Prior neuroimaging studies compared prosodic vs. nonprosodic tasks [i.e. (Mitchell et al., 2003
)], or prosodic identification of emotional vs. neutral stimuli [i.e. (Wiethoff et al., 2008
)], and thereby identified a set of brain regions likely involved in affective prosody. Based on knowledge of functional roles of temporal cortex and IFG (‘reverse inference’; Poldrack, 2006
; Van Horn and Poldrack, 2009
), it was assumed that temporal cortex mediates sensory-integrative functions while IFG plays an evaluative role (Ethofer et al., 2006
; Schirmer and Kotz, 2006
). However, these binary ‘cognitive subtraction’ designs did not permit a direct demonstration of the distinct roles of temporal cortex versus IFG.
Our parametric design, using stimuli varying in cue salience to create varying levels of stimulus-driven prosodic ambiguity, has two major advantages over prior study designs: First, analysis across varying levels of an experimental manipulation allow more robust and interpretable results linking activation to the manipulated variable than designs that utilize a binary comparison. Second, the parametric manipulation of cue saliency should produce a dissociation in the relationship of sensory vs. evaluative regions to the manipulated cue level. This allows direct evaluation of the hypothesis that IFG plays an evaluative role distinct from the sensory-integrative role of temporal cortex.

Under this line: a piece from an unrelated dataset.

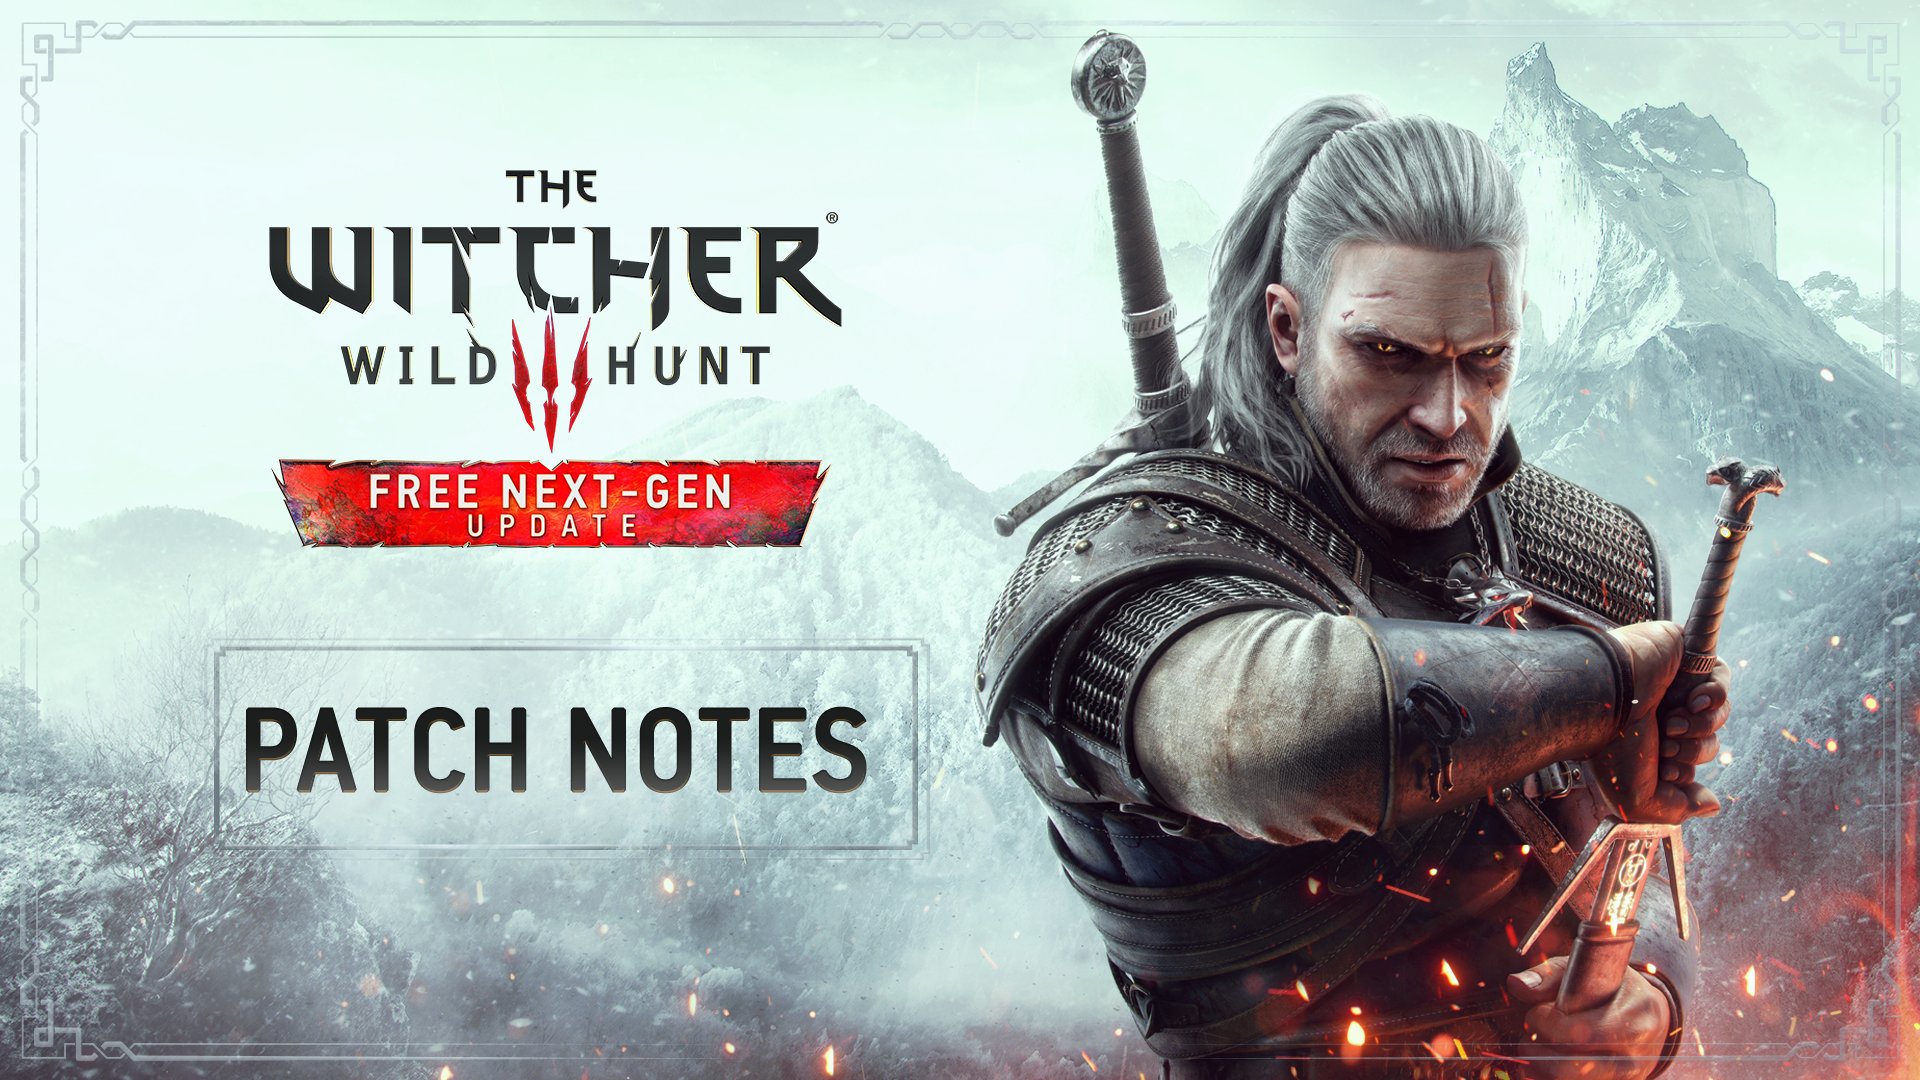 The Witcher on Twitter: "The free next-gen patch notes are here! Check out coming to The Witcher 3: Wild Hunt on PC, and Xbox Series X|S on December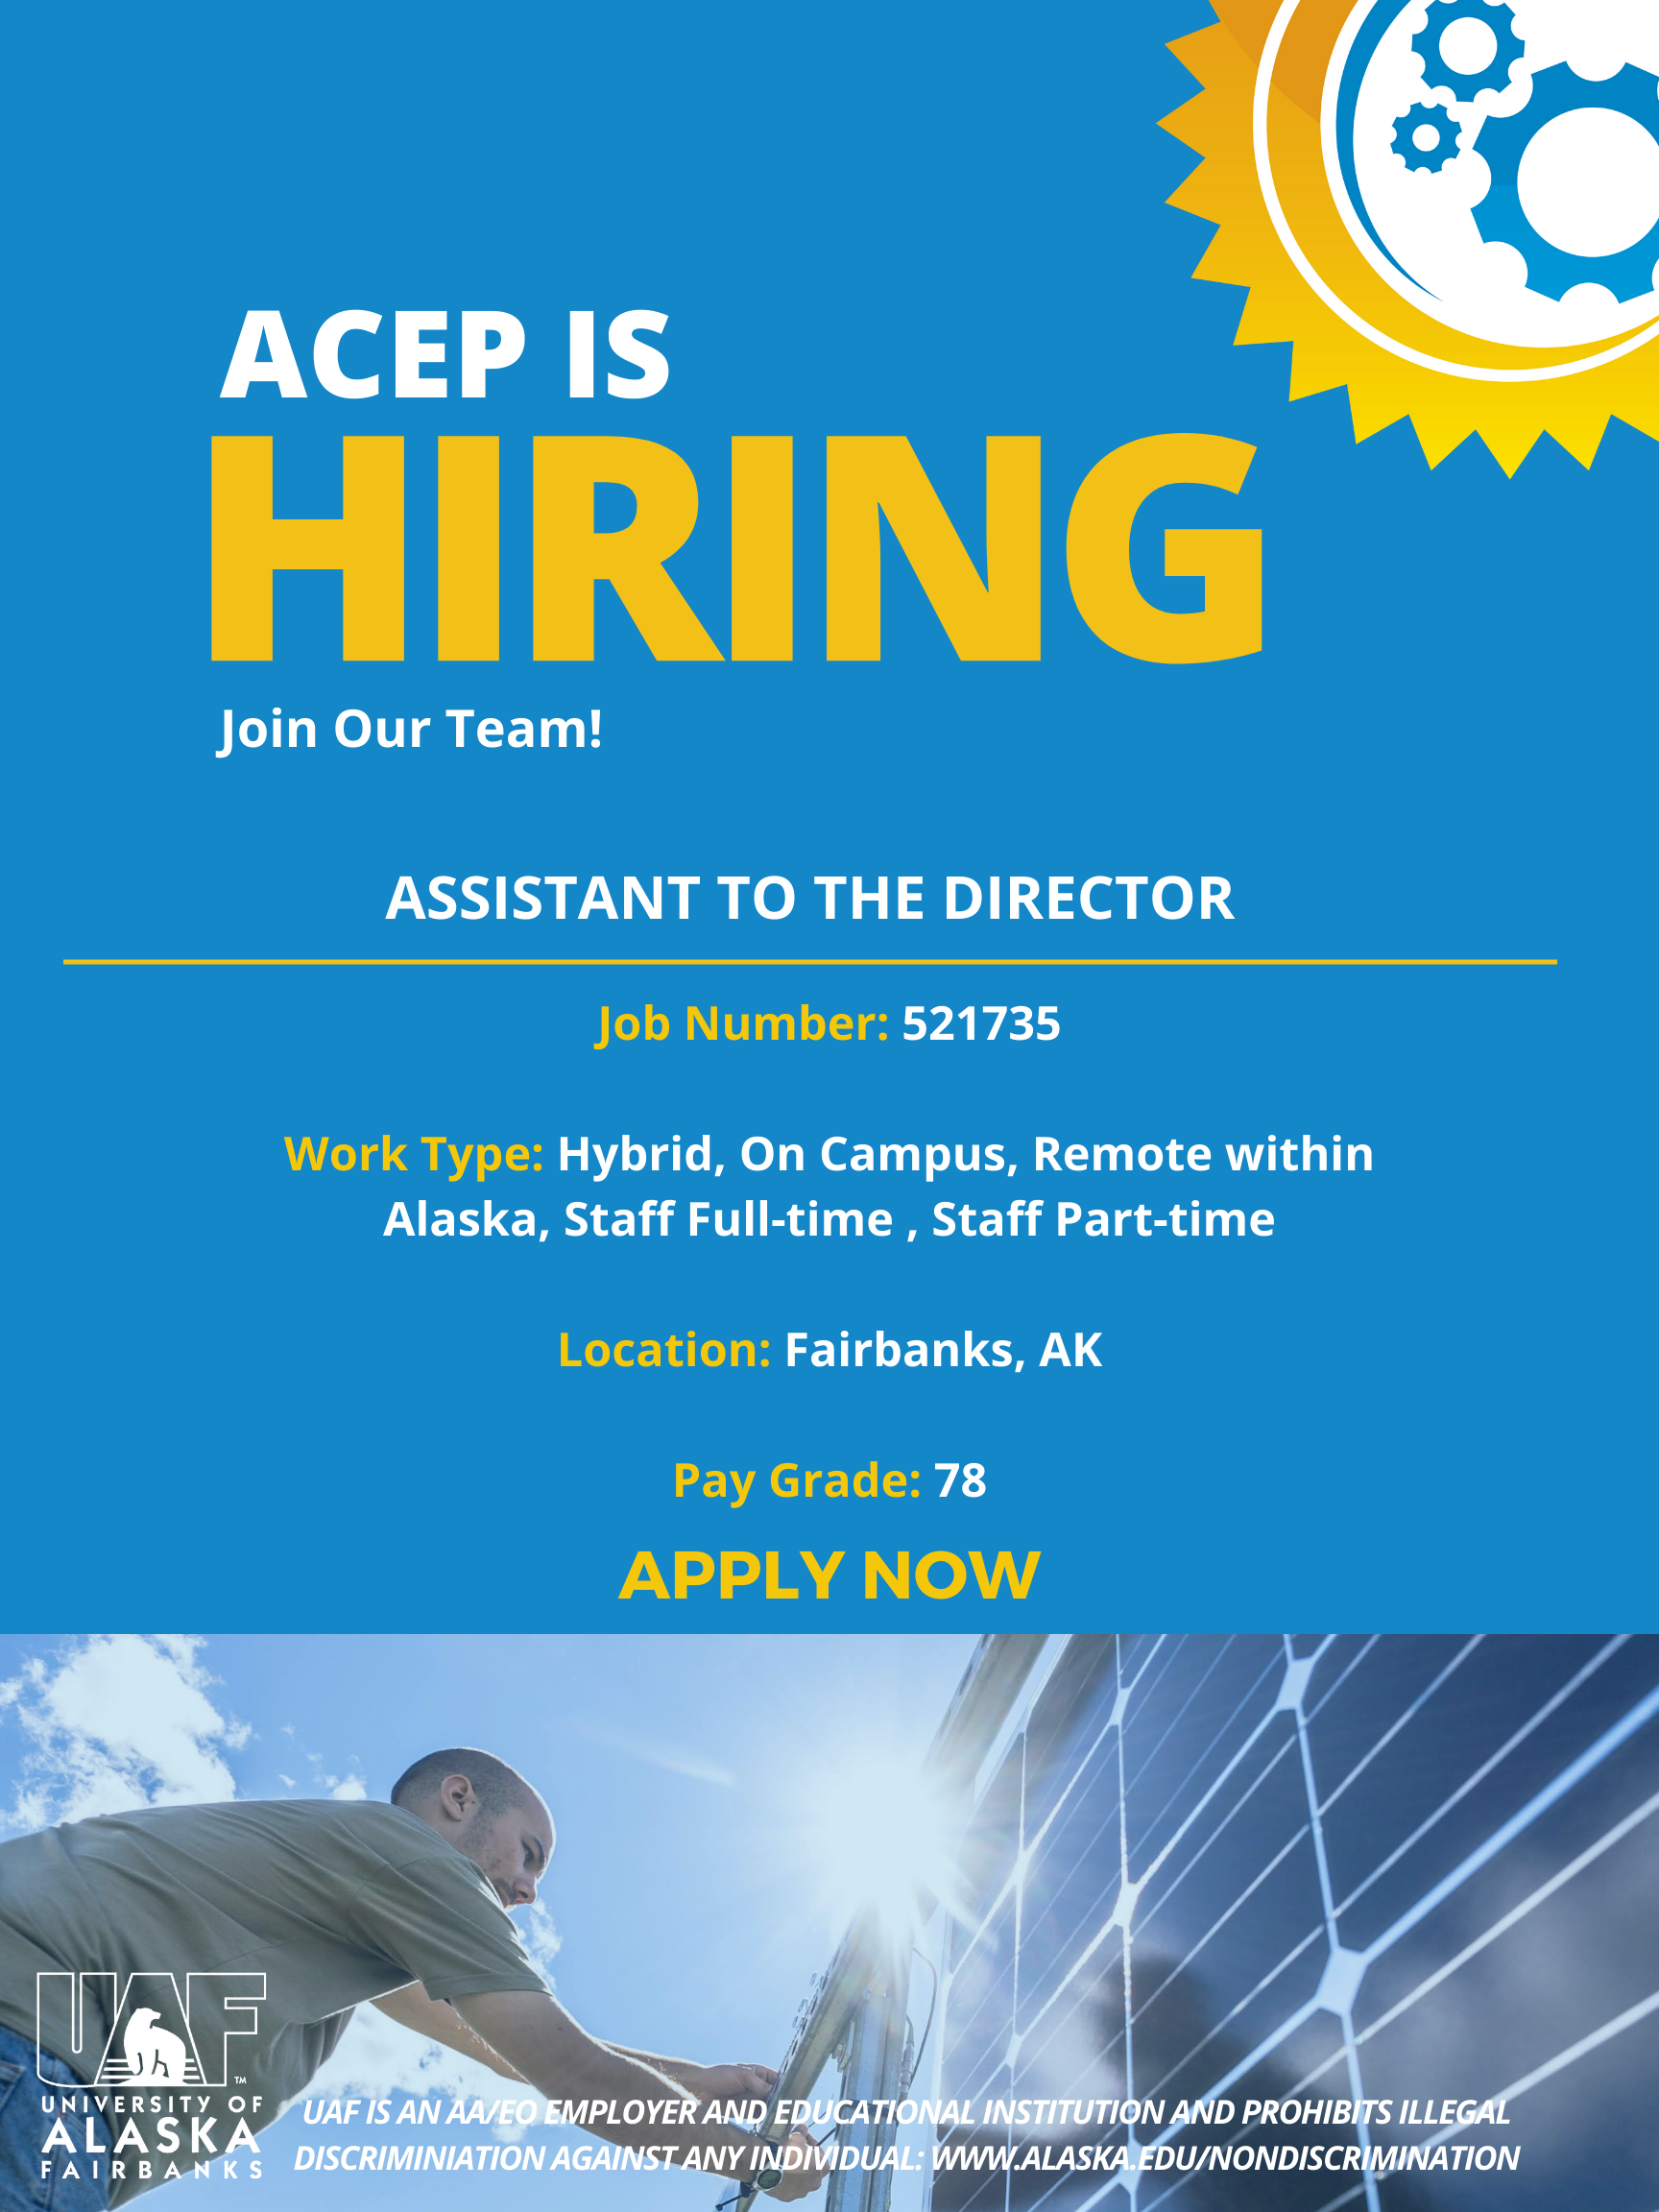 ACEP is Hiring! Assistant to the Director

We hypothesized that during a simple emotion identification task, the presence of high levels of affectively salient cues within the acoustic signal should facilitate the extraction and integration of these cues into a percept that would be reflected in temporal cortex activation increases. We also hypothesized that increased cue saliency would correlate with amygdala activation. Amygdala activation is correlated with perceived intensity in non-verbal vocalizations (Fecteau et al., 2007
; Bach et al., 2008b
). Such activity may reflect automatic affective tagging of the stimulus intensity level (Bach et al., 2008a
). Conversely, we predicted that decreasing cue saliency would be associated with increasing IFG activation, reflecting increased evaluation of the stimuli for meaning (Adams and Janata, 2002
) and difficulty in selecting the proper emotion (Thompson-Schill et al., 1997
). We thus expected that increased activation in this evaluation and response selection region (IFG) would be directly associated with decreased activity in feature extraction and integration regions (pSTG and pMTG). Thus, our parametric design aimed to characterize a reciprocal temporo-frontal network underlying prosodic comprehension and examine how activity within this network changes as a function of cue salience.